On Fri, Apr 03, 2020 at 05:08:59PM +0200, Andrea Bolognani wrote:
On Fri, 2020-04-03 at 09:38 +0200, Erik Skultety wrote:
On Tue, Mar 31, 2020 at 05:23:32PM +0200, Andrea Bolognani wrote:
On Thu, 2020-03-26 at 14:33 +0100, Erik Skultety wrote:
+++ b/guests/playbooks/update/tasks/gitlab.yml @@ -0,0 +1,64 @@ +--- +- name: Look up Gitlab runner secret + set_fact: + gitlab_runner_secret: '{{ lookup("file", gitlab_runner_token_file) }}'
The GitLab token should be extracted from the vault, not from a regular file.
This was a deliberate decision and I didn't want to do it the jenkins way, let me expand on why. Ultimately, we want other community members to contribute their resources to our gitlab so that the test results are centralized, but what if they want to setup the same machine for their internal infrastructure as well to stay unified with the setup upstream libvirt "mandates". With the secret in the vault, we always create machines that can only be plugged into *our* gitlab, but why should be that restrictive? Give the consumers the leeway to actually have a possibility to plug it into their own instance by supplying the token the same way as we supply the vault and root passwords, so I'd rather not be tying this to a single use case just like we did with jenkins.
Thanks for spelling out your intentions, it really helps.
I agree that reusing the recipe to build runners that connect to a local / private GitLab instance is a valid use case that we should accomodate.
One point that immediately leads to, and which was unintentionally already addressed above, is that in that case you need not only the token to be configurable, but also the connection URL.

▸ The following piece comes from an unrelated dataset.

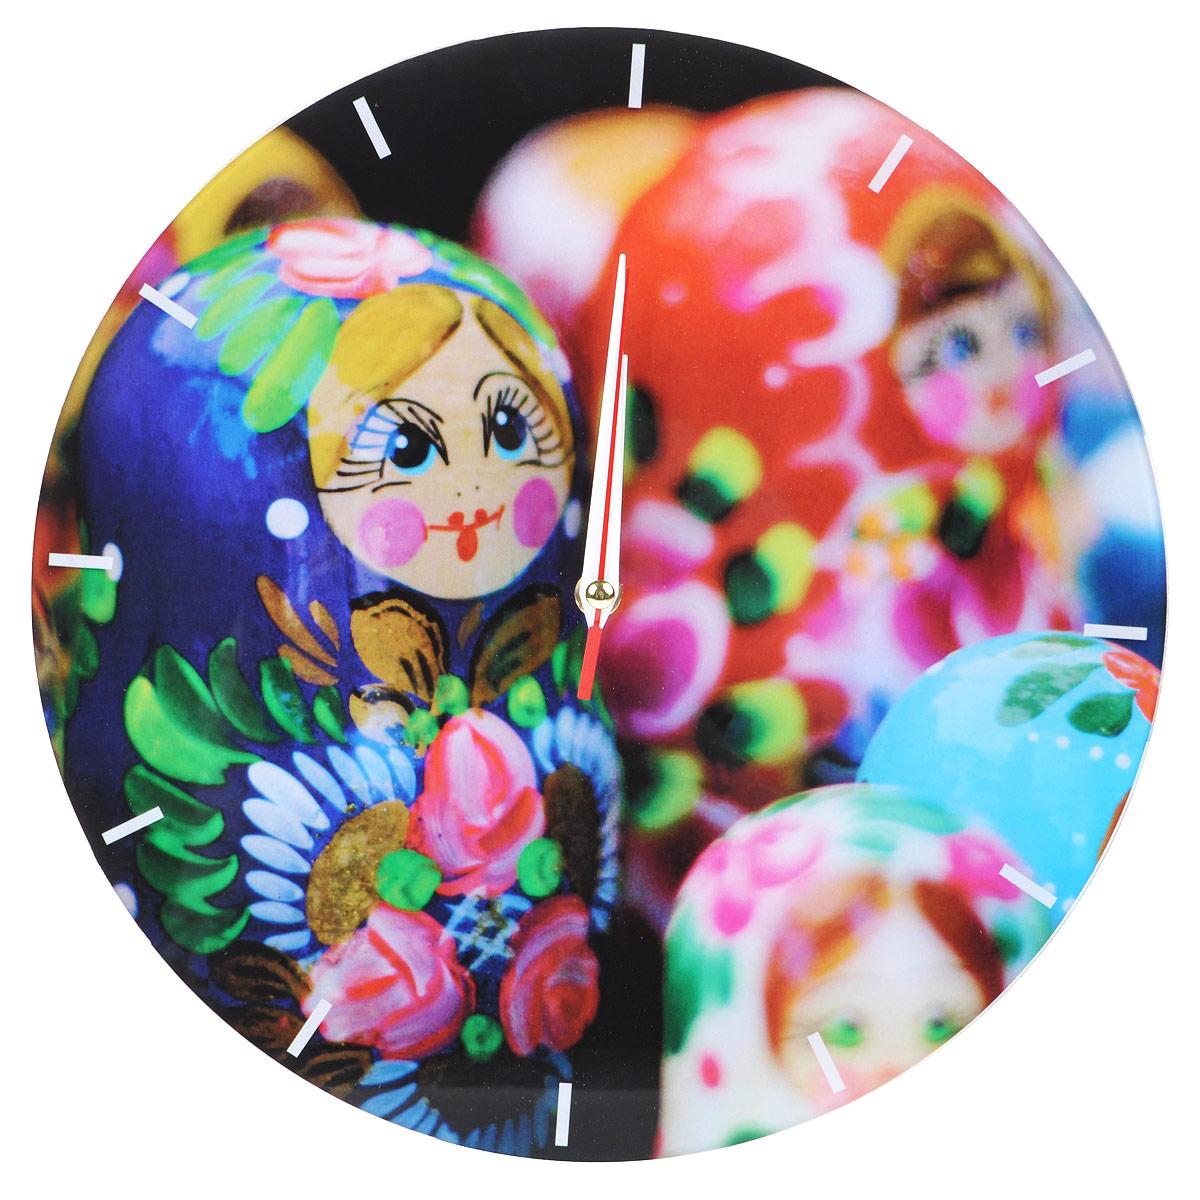 Часы настенные Матрешки, стеклянные, цвет: мульти. 95544300074_ежевикаОригинальные настенные часы Матрешки круглой формы выполнены из стекла и оформлены изображением матрешек. Часы имеют три стрелки - часовую, минутную и секундную. Циферблат часов не защищен. Необычное дизайнерское решение и качество исполнения придутся по вкусу каждому. Оформите свой дом таким интерьерным аксессуаром или преподнесите его в качестве презента друзьям, и они оценят ваш оригинальный вкус и неординарность подарка. Характеристики:Материал: пластик, стекло. Диаметр: 28 см. Работают от батарейки типа АА (в комплект не входит).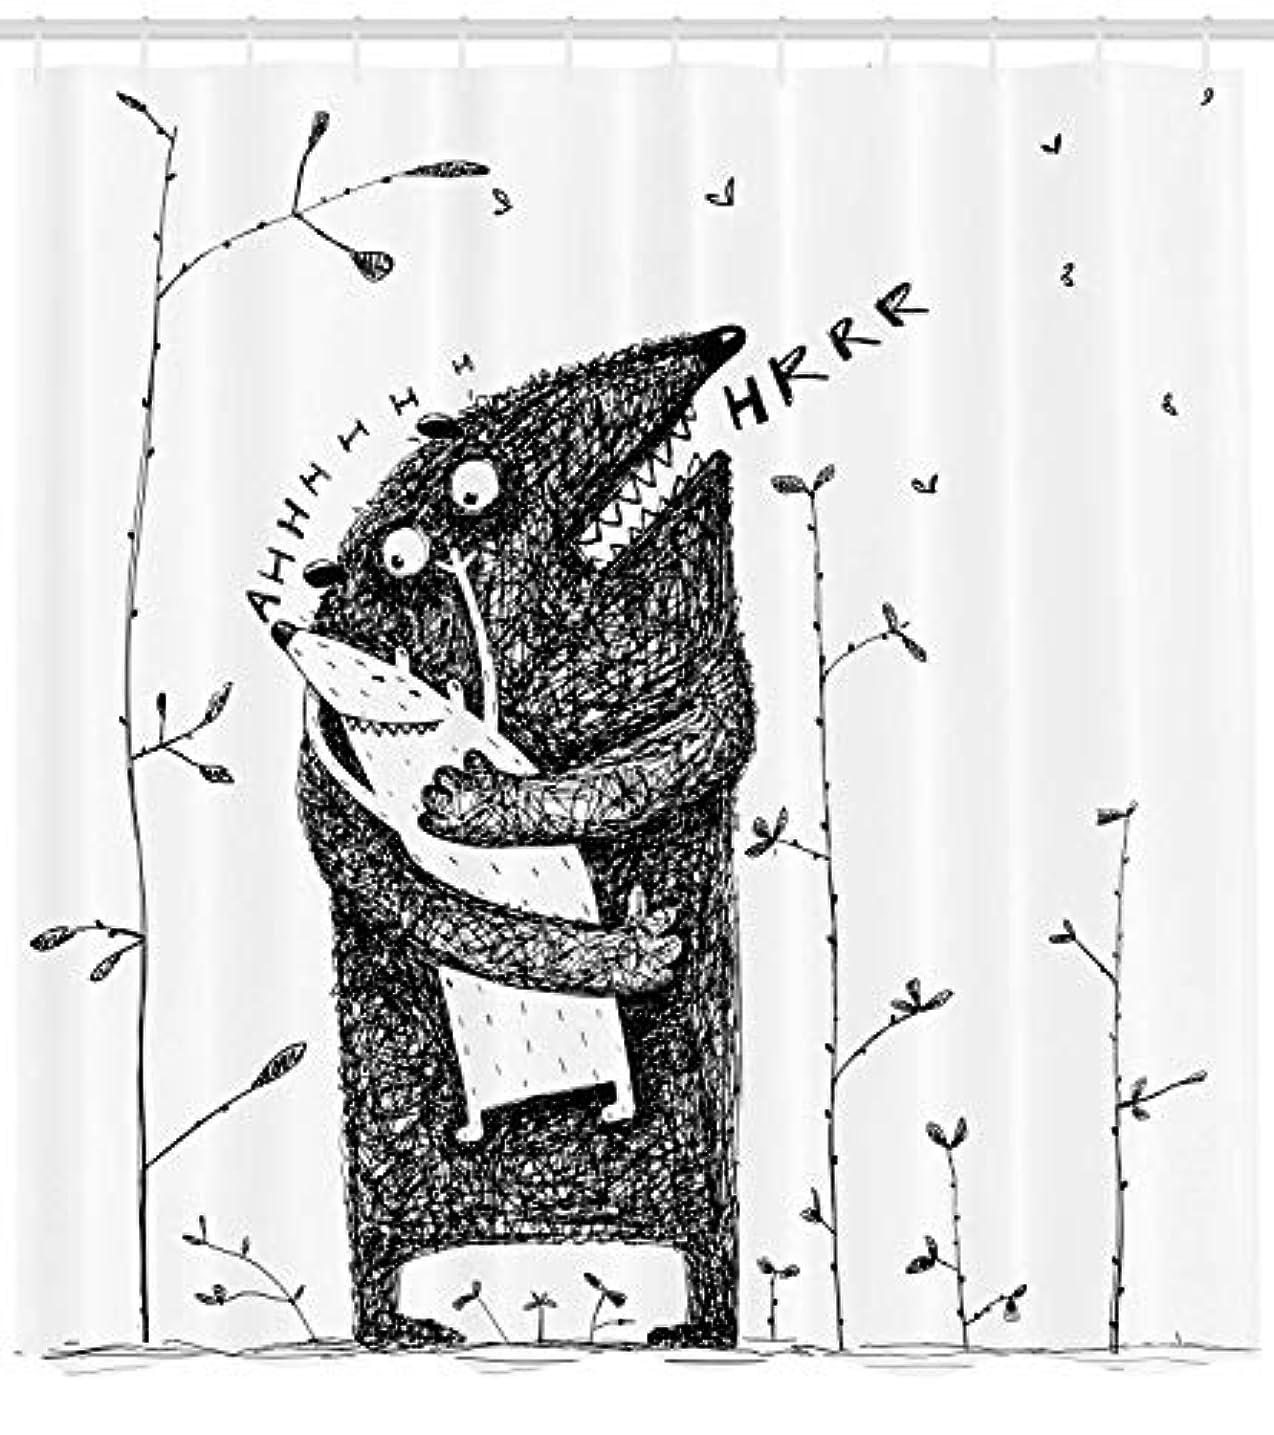 検体胚芽ぬれたQuirky装飾シャワーカーテンby MIMUTI、父と息子Monsters Hugging Caress Cuddle Feeling Love Parenthoodファミリ、ファブリックバスルームDecorセットwith...

Doh! How could I have forgot that.
Other than that, storing the token in ~/.config/lcitool is fine I guess. The number of files in that directory is getting fairly ridiculous, though, so Someone⢠should really look into throwing away the current, extremely crude configuration system that's been inherited from the original shell implementation and replace it with something more sensible like a config.toml.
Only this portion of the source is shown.